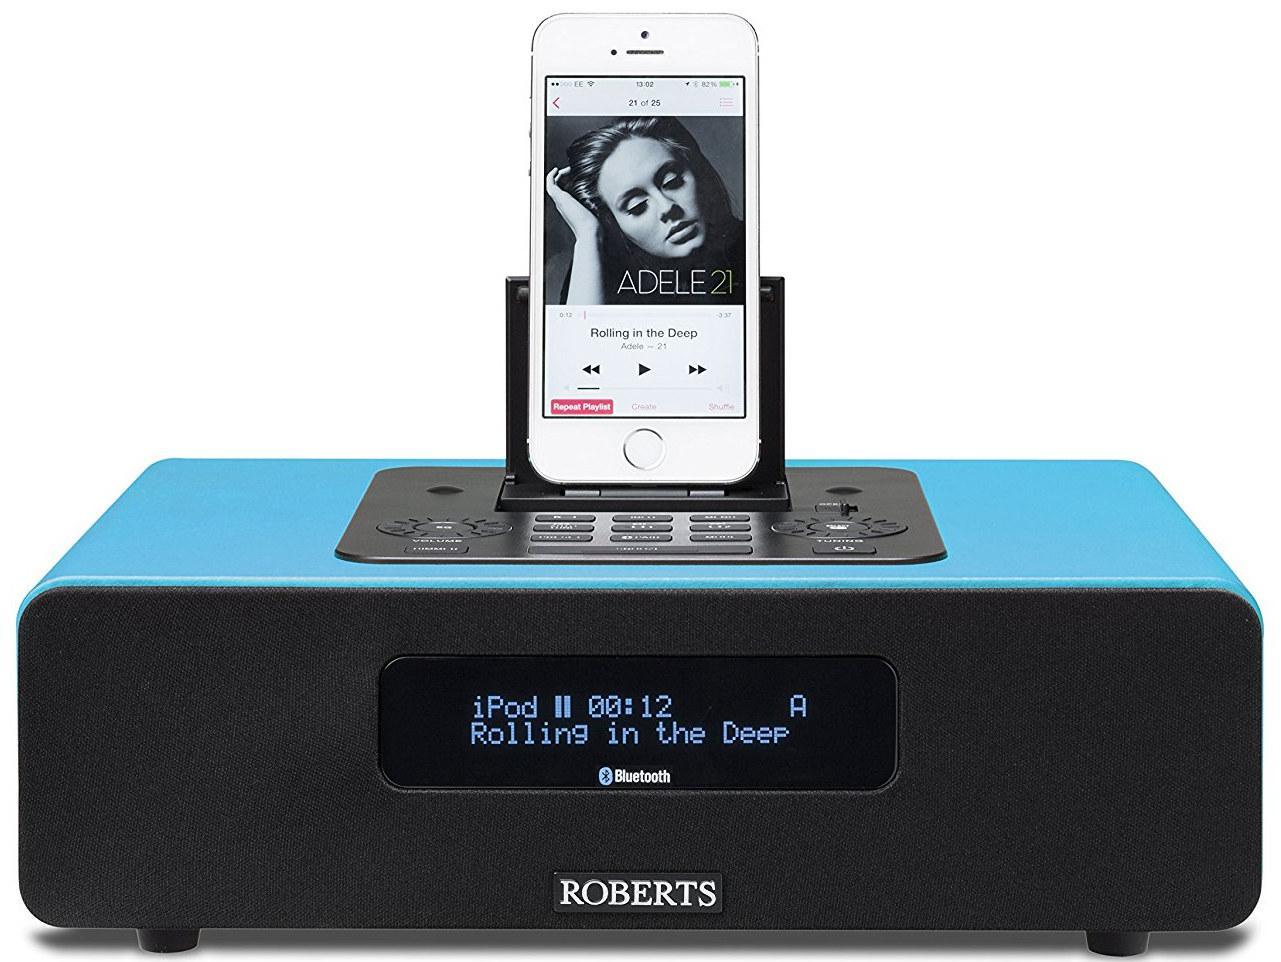 roberts radio blutune65 dab fm bluetooth lightning dock 2 1 soundsystem mit fernbedienung. Black Bedroom Furniture Sets. Home Design Ideas
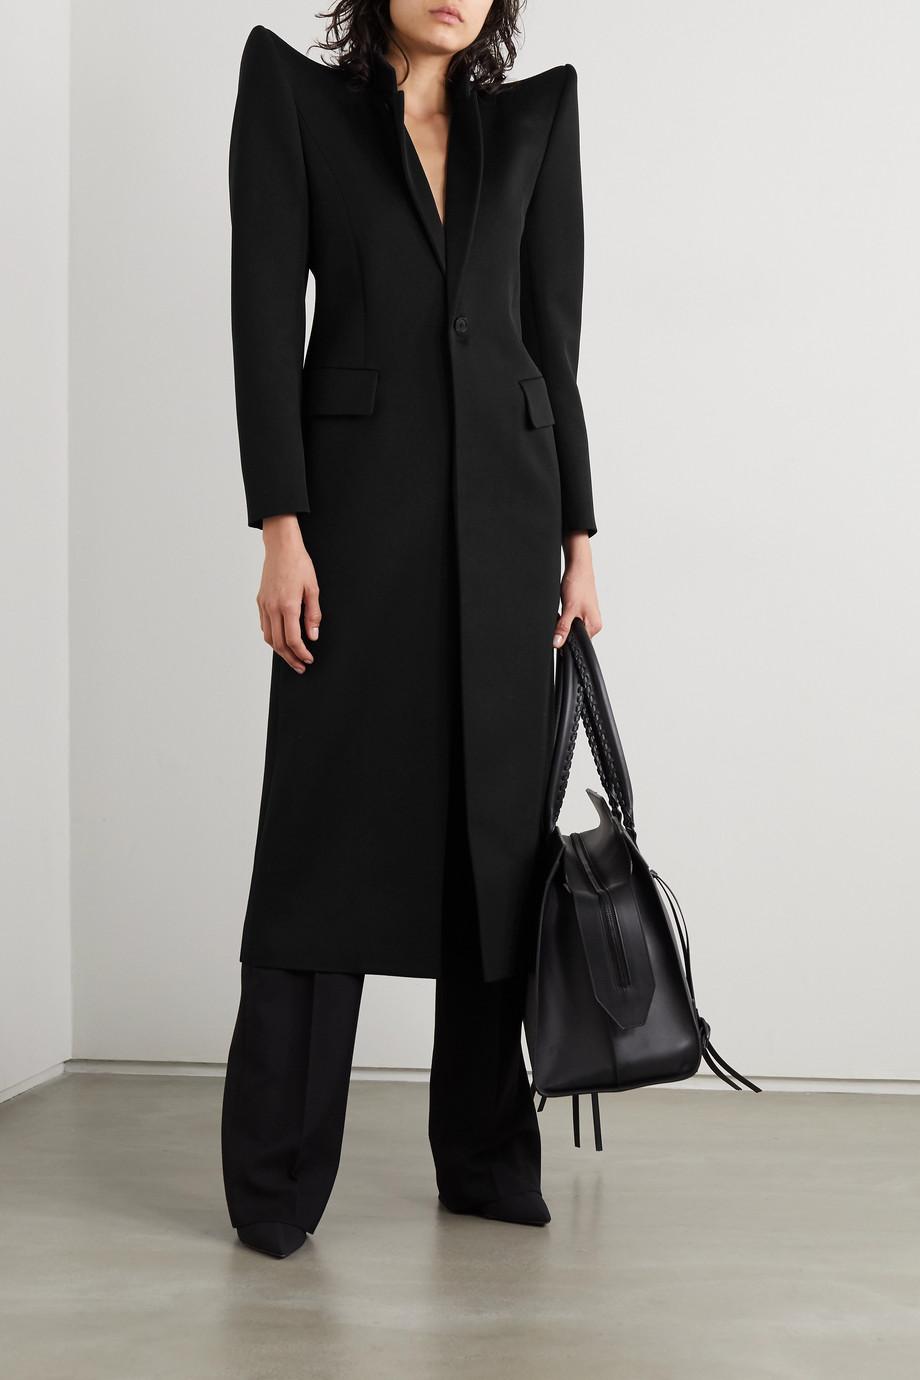 Balenciaga Manteau en serge de laine
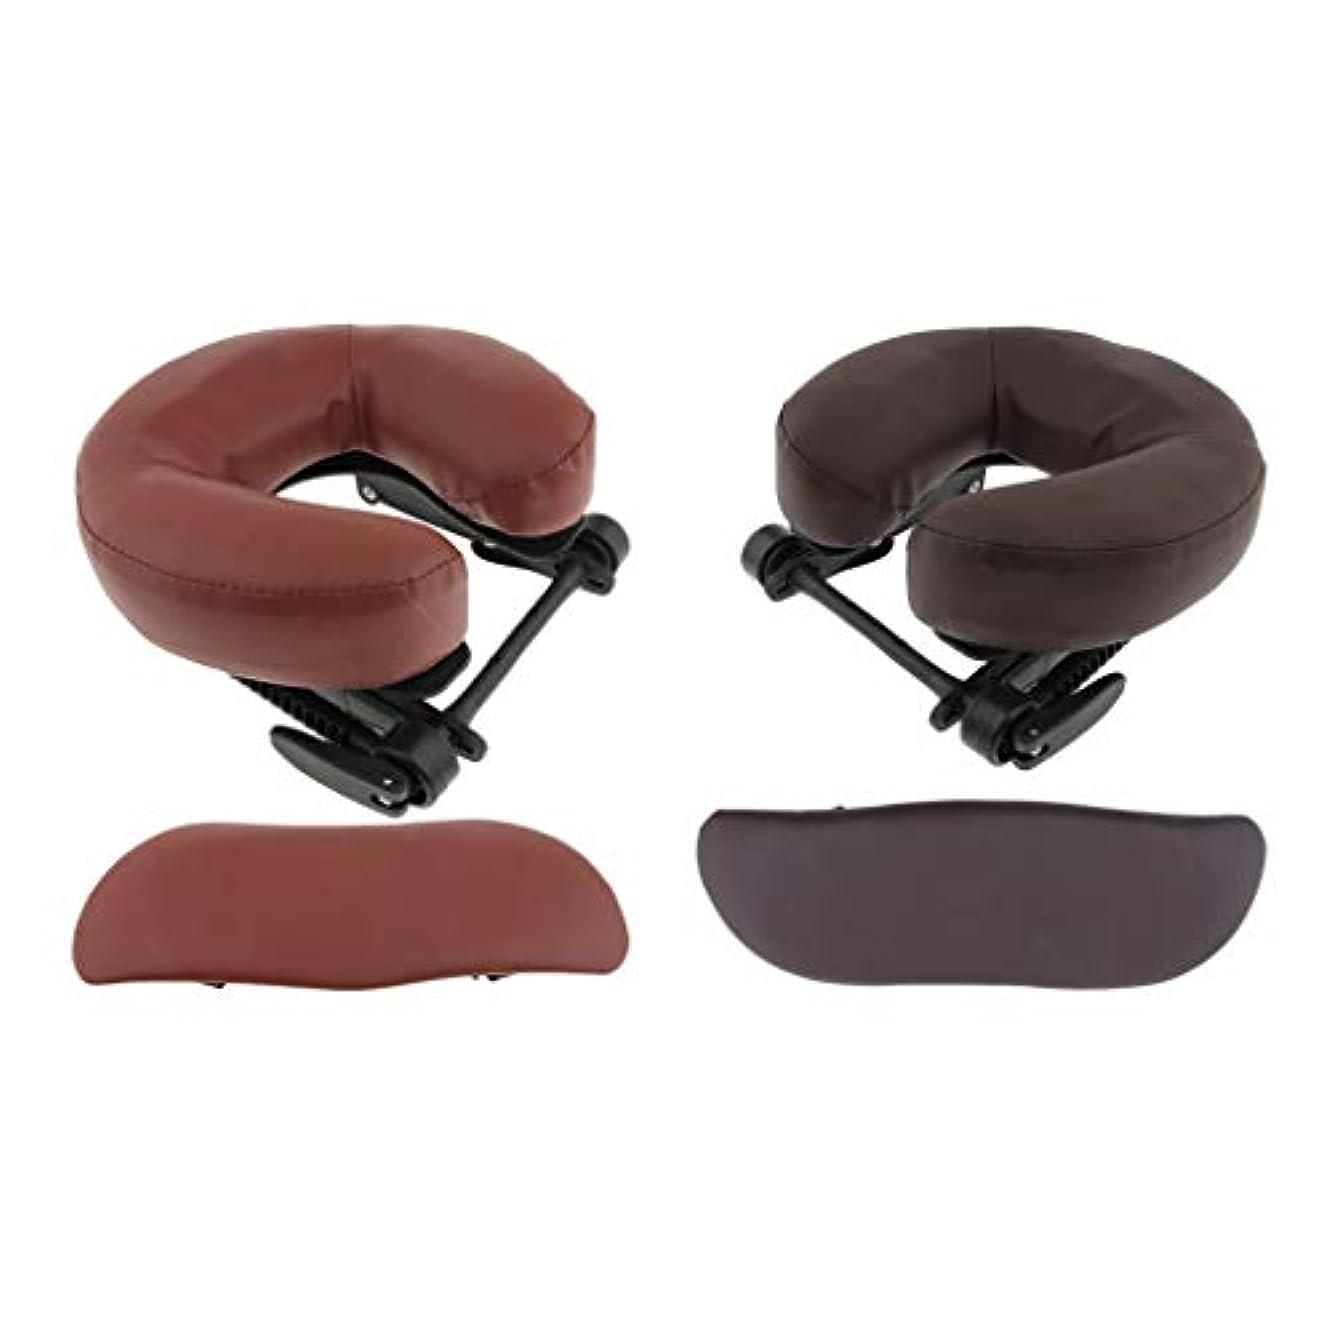 sharprepublic マッサージ テーブル 枕クッション U字型 完璧な アクセサリー 実用性
* * *
* [Problem statement]
In your copy of the listing, please omit the pictures and keep every word exact.

* [Output below]
 roberts radio blutune65 dab fm bluetooth lightning dock 2 1 soundsystem mit fernbedienung. Black Bedroom Furniture Sets. Home Design Ideas
 Balenciaga Manteau en serge de laine
 sharprepublic マッサージ テーブル 枕クッション U字型 完璧な アクセサリー 実用性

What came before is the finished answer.